Transitioning Legacy Sync users to Firefox Accounts

It has been almost a year since the release of Firefox Accounts and the new Firefox Sync service, and the response from users has been very positive.  The simplified setup process has made it easier to get started with the system, to connect new devices, and to recover data if a device is lost — all of which has lead to the new system quickly gathering more active daily users than its predecessor.

During this time we have kept the legacy Sync infrastructure in place and working as usual, so that users who had set up Sync on older versions of Firefox would not be disrupted.  As we begin 2015 with renewed focus on delivering cloud-based services that support the Mozilla mission, it’s time to help transition these users to the new Sync system and to Firefox Accounts.

Users on legacy Sync will be prompted to upgrade to a Firefox Account beginning with Firefox 37, scheduled for release in early April.  There is a guided UI to make the experience as seamless as possible, and once complete the upgrade will be automatically and securely propagated to all connected devices.  Users on older versions of Firefox will see a warning notice and will be able to upgrade manually.

The legacy Sync servers will remain available during this time to help ensure a smooth transition.  We will monitor their ongoing use and decide on a timeline for decommissioning the hardware based on the success of our transition strategy.

We’re looking forward to introducing more users to the improved Sync system, and to rolling out more services for your Firefox Account in 2015.  Don’t hesitate to reach us on sync-dev@mozilla.org or in #sync on IRC with any questions or comments.

 

FAQ

 

  •  When will the legacy Sync servers be switched off?

We expect to decommission this infrastructure before the end of 2015, but no firm date has been set.  This decision will be based on ongoing monitoring of its use and the success of our transition strategy.

  •  What about Extended Support Release (ESR)?

Users on the ESR channel will start seeing the upgrade prompts in Firefox 38, which is scheduled for release in early May.  We are committed to maintaining the legacy sync infrastructure until previous ESR versions reach end-of-life on August 4.

  • Will my data be automatically migrated to the new servers?

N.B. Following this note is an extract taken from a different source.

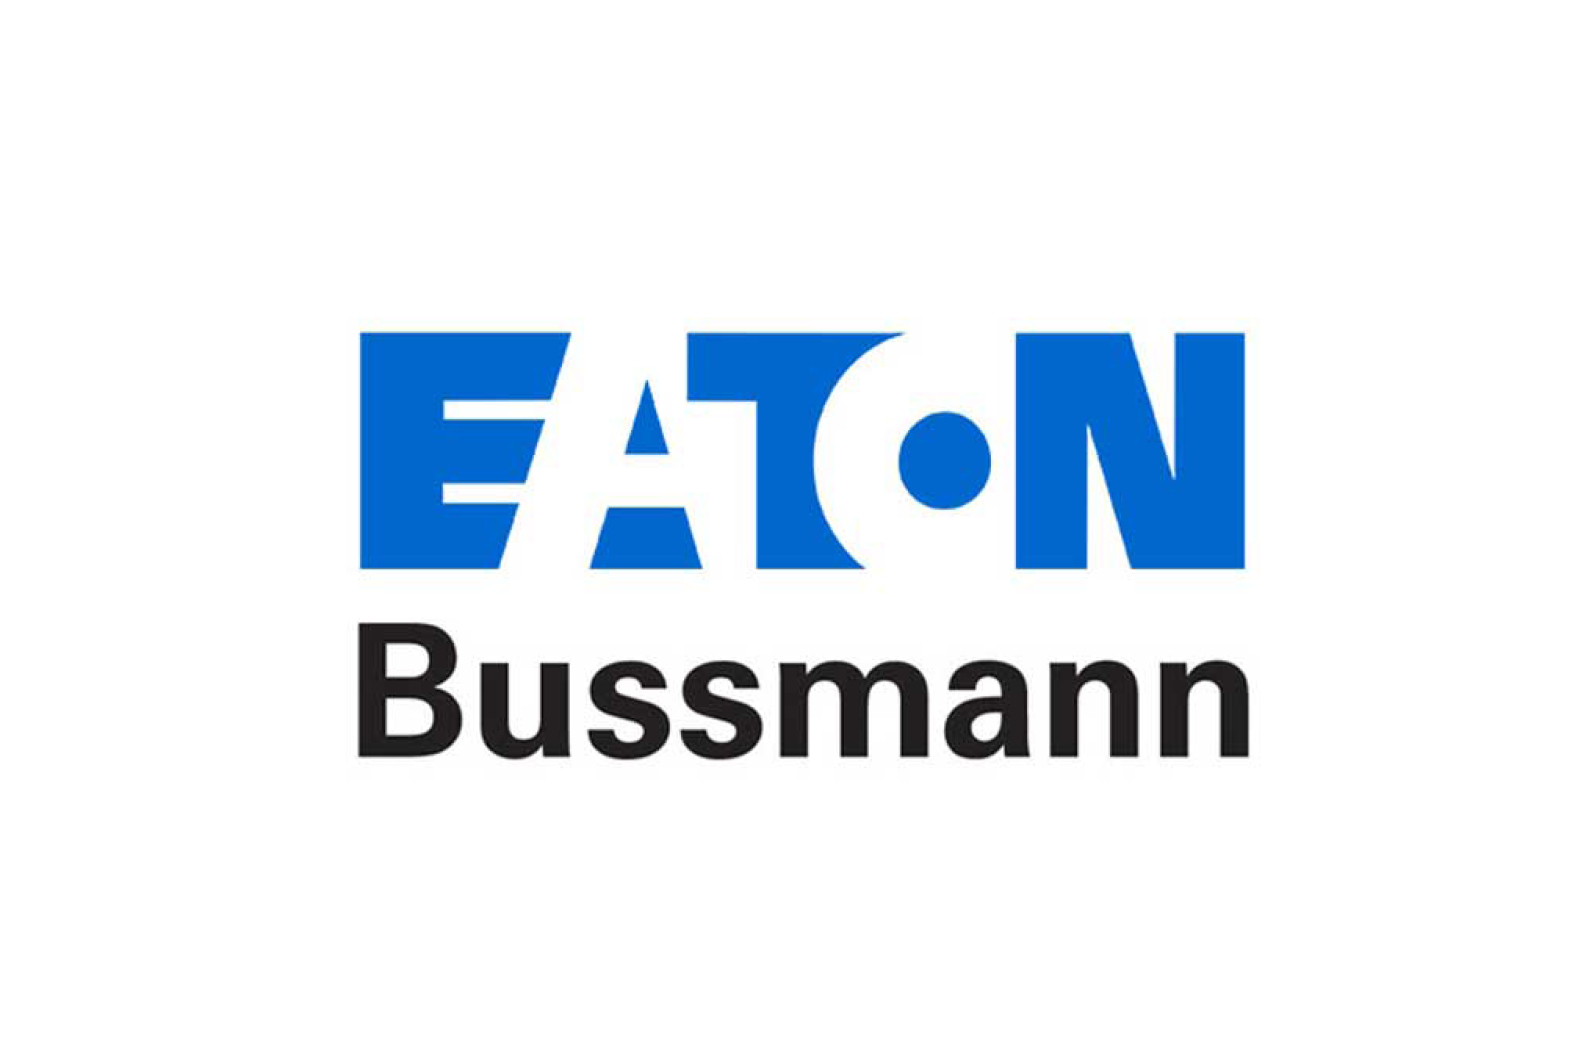 alt="Eaton Bussmann"

No, the strong encryption used by both Sync systems means that we cannot automatically migrate your data on the server.  Once the account upgrade process is complete, Firefox will re-upload your data to the new system (so if you have a lot of bookmarks, you may want to ensure you’re on a reliable network connection).

  •  Are there security considerations when upgrading to the new system?

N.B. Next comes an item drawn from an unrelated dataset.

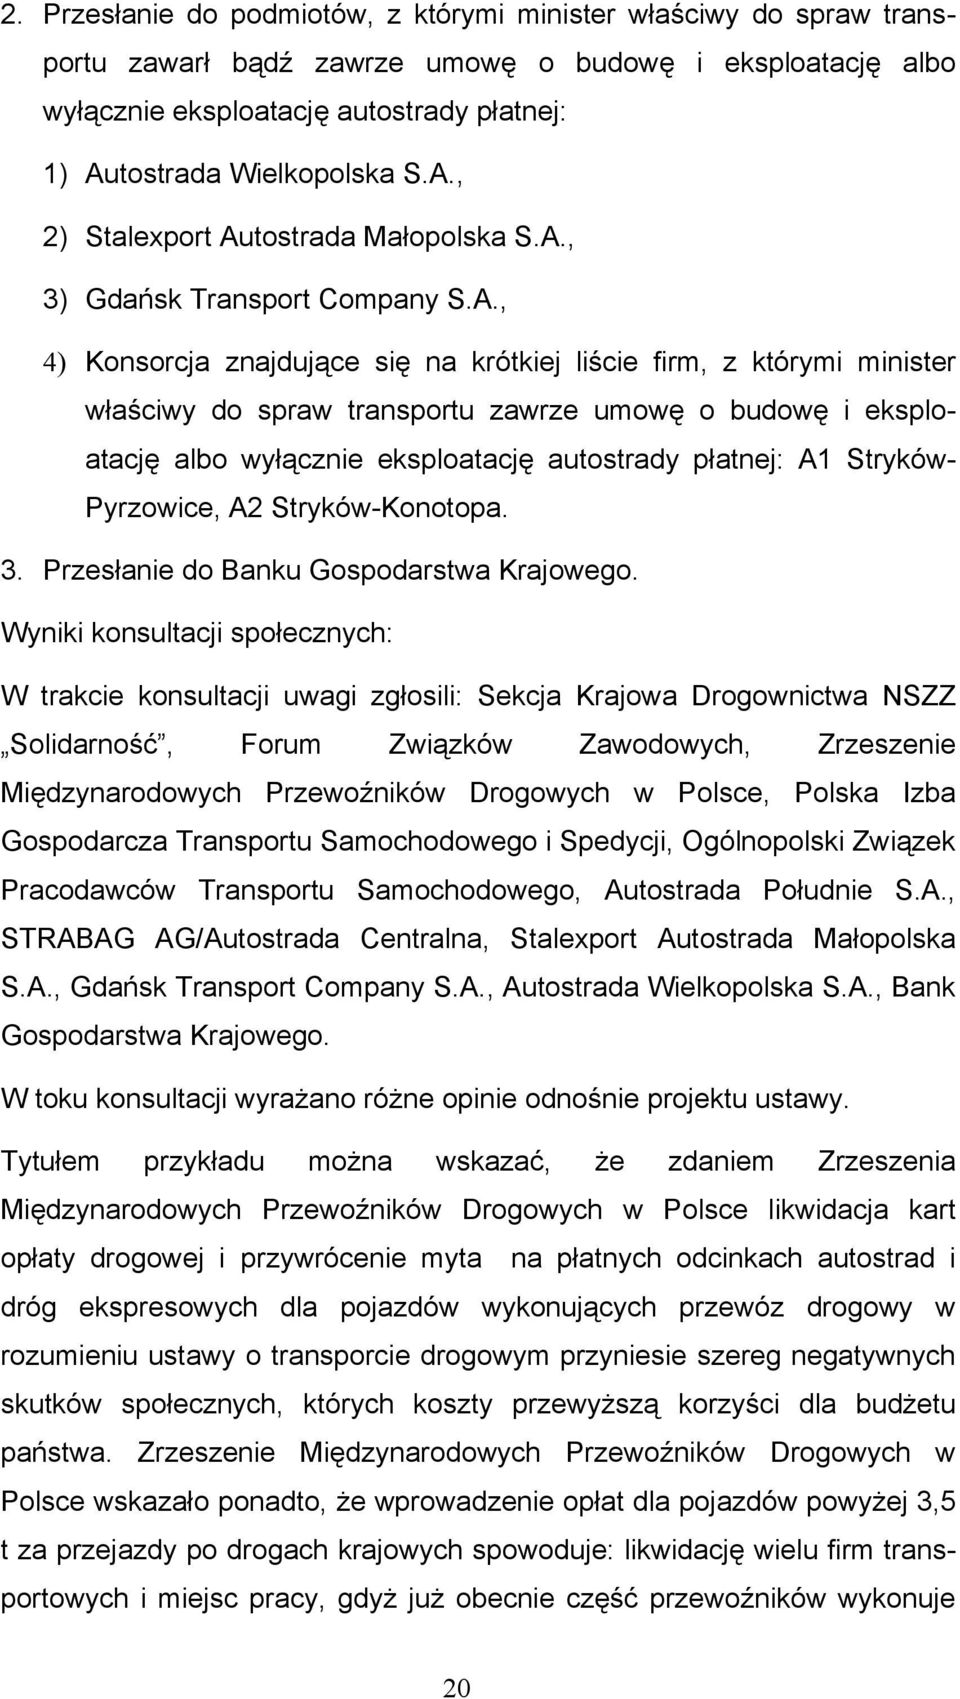 budowę i eksploatację albo wyłącznie eksploatację autostrady płatnej: A1 Stryków- Pyrzowice, A2 Stryków-Konotopa. 3. Przesłanie do Banku Gospodarstwa Krajowego.

Both the new and old Sync systems provide industry-leading security for your data: end-to-end encryption of all synced data, using a key known only to you.

In legacy Sync this was achieved by using a complicated pairing flow to transfer the encryption key between devices.  With Firefox Accounts we have replaced this with a key securely derived from your account password.  Pick a strong password and you can remain confident that your synced data will only be seen by you.

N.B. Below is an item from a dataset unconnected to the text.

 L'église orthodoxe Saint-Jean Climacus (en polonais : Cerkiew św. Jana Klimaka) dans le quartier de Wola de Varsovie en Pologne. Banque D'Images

  •  Is the new Sync system compatible with Firefox’s master password feature?

Yes.  There was a limitation in previous versions of Firefox that prevented Sync from working when a master password was enabled, but this has since been resolved.  Sync is fully compatible with the master password feature in the latest version of Firefox.

  •  What if I am running a custom or self-hosted Sync server?

This transition affects only the default Mozilla-hosted servers.  If you are using a custom or self-hosted server setup, Sync should continue to work uninterrupted and you will not be prompted to upgrade.

Although we have no plans or timeline for doing so, it’s likely that support for the legacy Sync protocol will be entirely removed from Firefox at some point in the future.  You should consider migrating your server infrastructure to use the new protocols; see below.

  •  Can I self-host the new system?

Yes, either by hosting just the storage servers or by running a full Firefox Accounts stack.  We welcome feedback and contributions on making this process easier.

  •  What if I’m using a different browser (e.g. SeaMonkey, Pale Moon, …)?

You should consider hosting your own server to ensure uninterrupted functionality.